GEA Internalisation Exec Member, Emily Gray is up now to share her experience of marching in Melbourne. Don’t forget to check out our other stories on this issue;

Jessica Ringrose

Victoria Shouwnumi

Sharon Lamb

The backdrop to the women’s march in Melbourne was male violence. The day before, a man had deliberately driven a car into people in the centre of the city during a police chase, killing five. Before that, he had stabbed his own brother allegedly because his brother is gay and he “couldn’t handle it”. Such violent actions underscored the need to stand up and speak back, not only to Trump but also to our own people, to our own politicians. In Australia in 2016 71 women were murdered by violent partners, refugees rights continue to be violated at Australian offshore detention centres on Manus Island and Nauru, Indigenous children continue to be disproportionately removed from their families by social services and Aboriginal deaths in custody also remain unacceptably, shamefully disproportionate.  In addition same-sex marriage has still not been legalised and the One Nation party led by Pauline Hanson is gaining ground with their own brand of Islamophobia and post-truthisms and have “had it up to here with tolerance”.

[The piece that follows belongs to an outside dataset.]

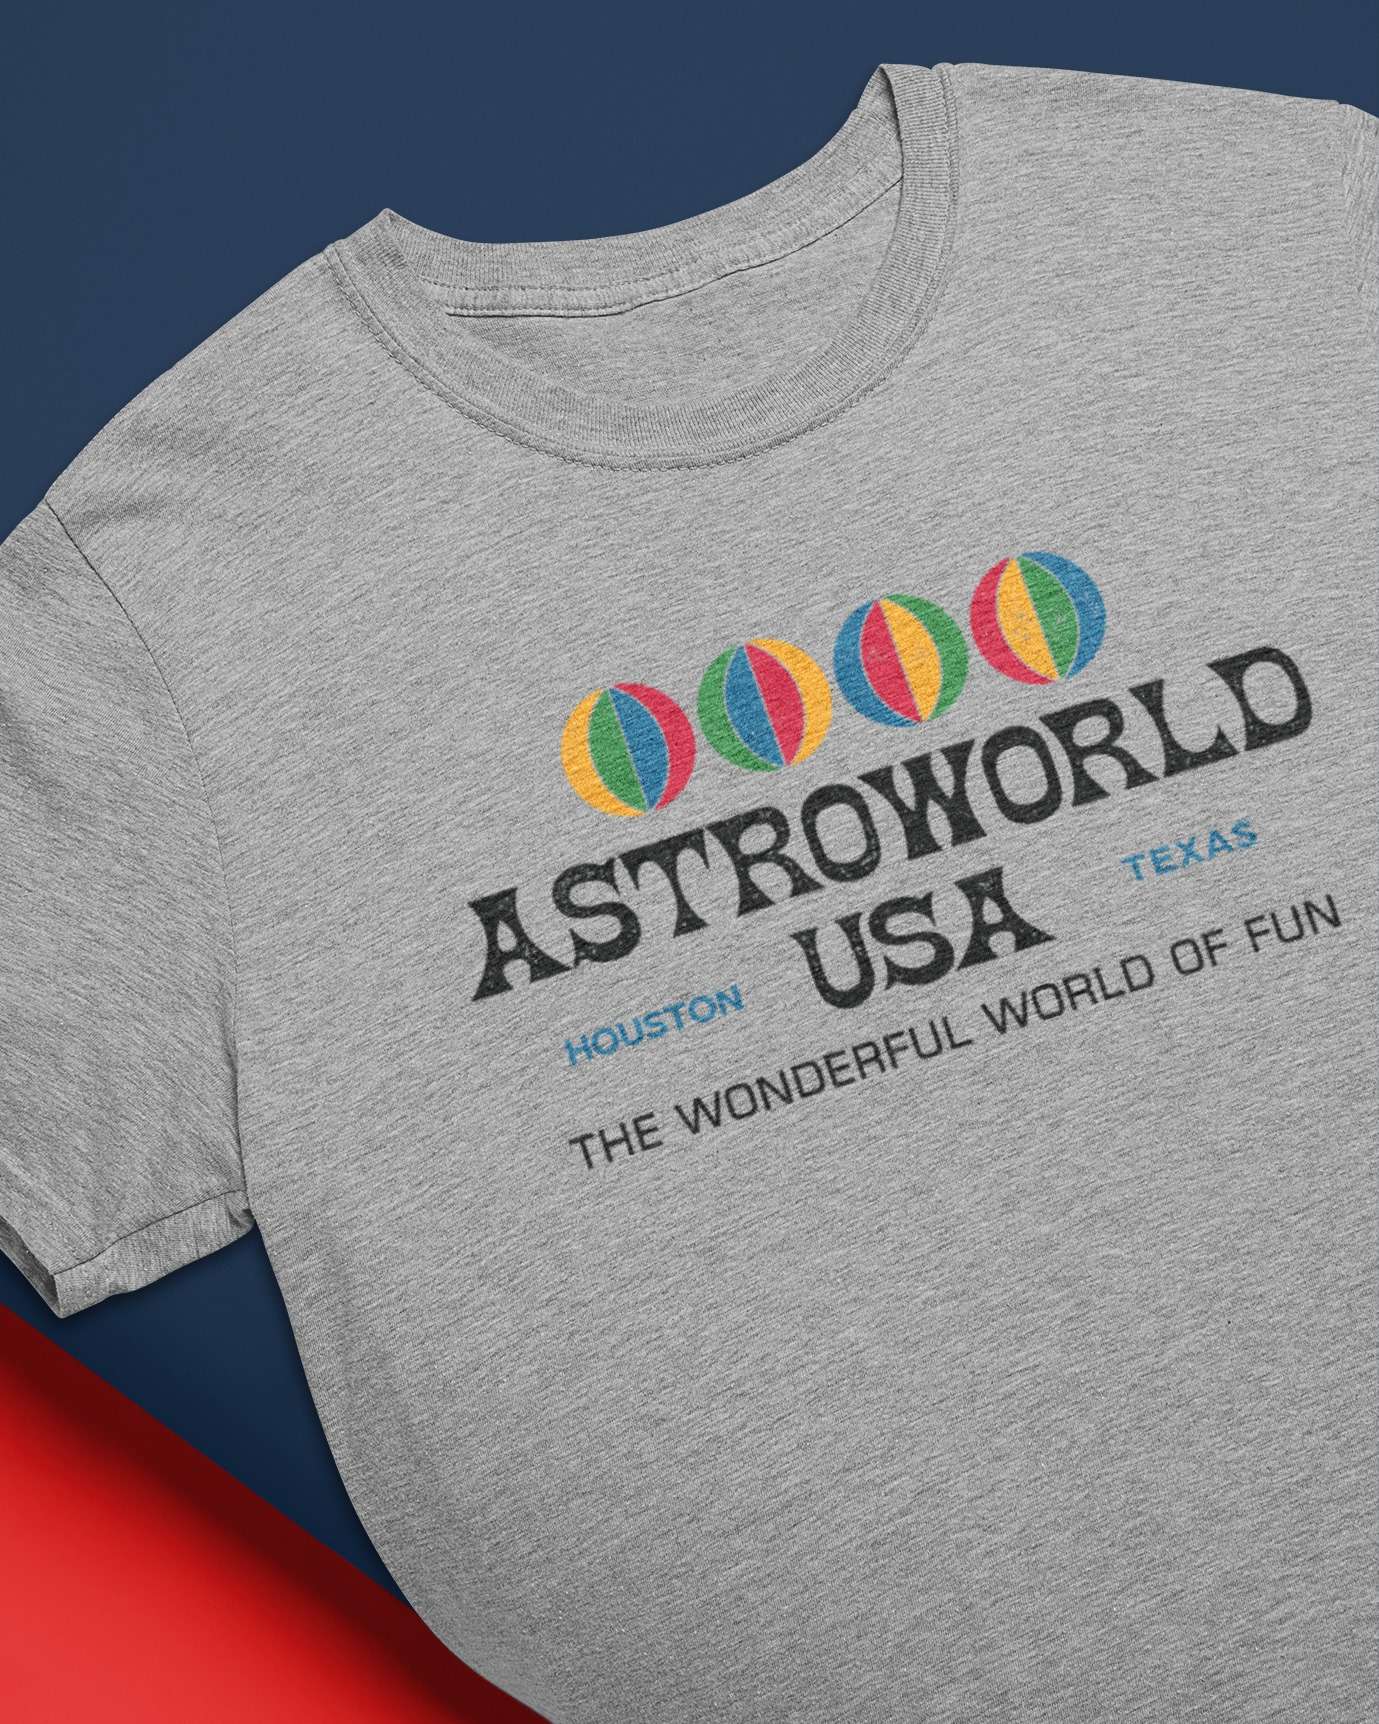 Astroworld USA - The wonderful world of fun, Houston Texas
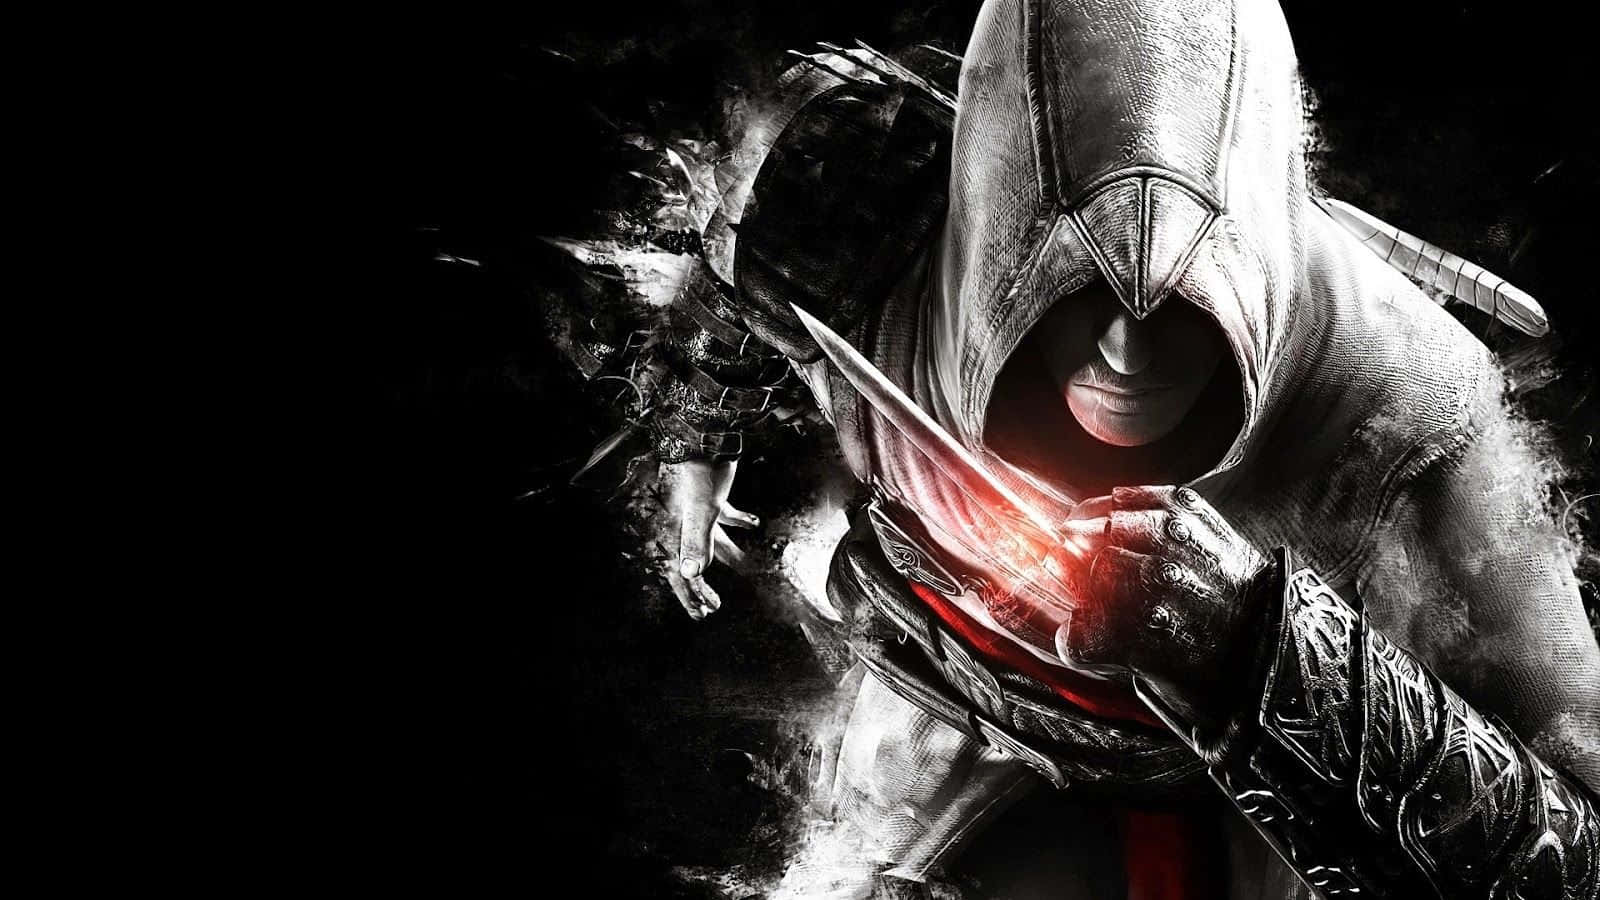 Assassin's Creed Ezio - Master Assassin on a mission Wallpaper

The Women’s March placed these issues at the centre, so that the 5000 strong gathering was not just about an angry, orange-faced man in a faraway place but also a chance to stand up to our own angry white men and women and to demonstrate that they do not represent us.

There have been numerous critiques of the women’s marches and of the exclusionary nature of them, that they are too white, too heteronormative, too middle class. We have to engage with these critiques and do better. In this moment, which feels so seismic I wanted to follow Lauren Berlant’s principle, “which is that you have to show up with whatever you have to fight the unacceptable situation”.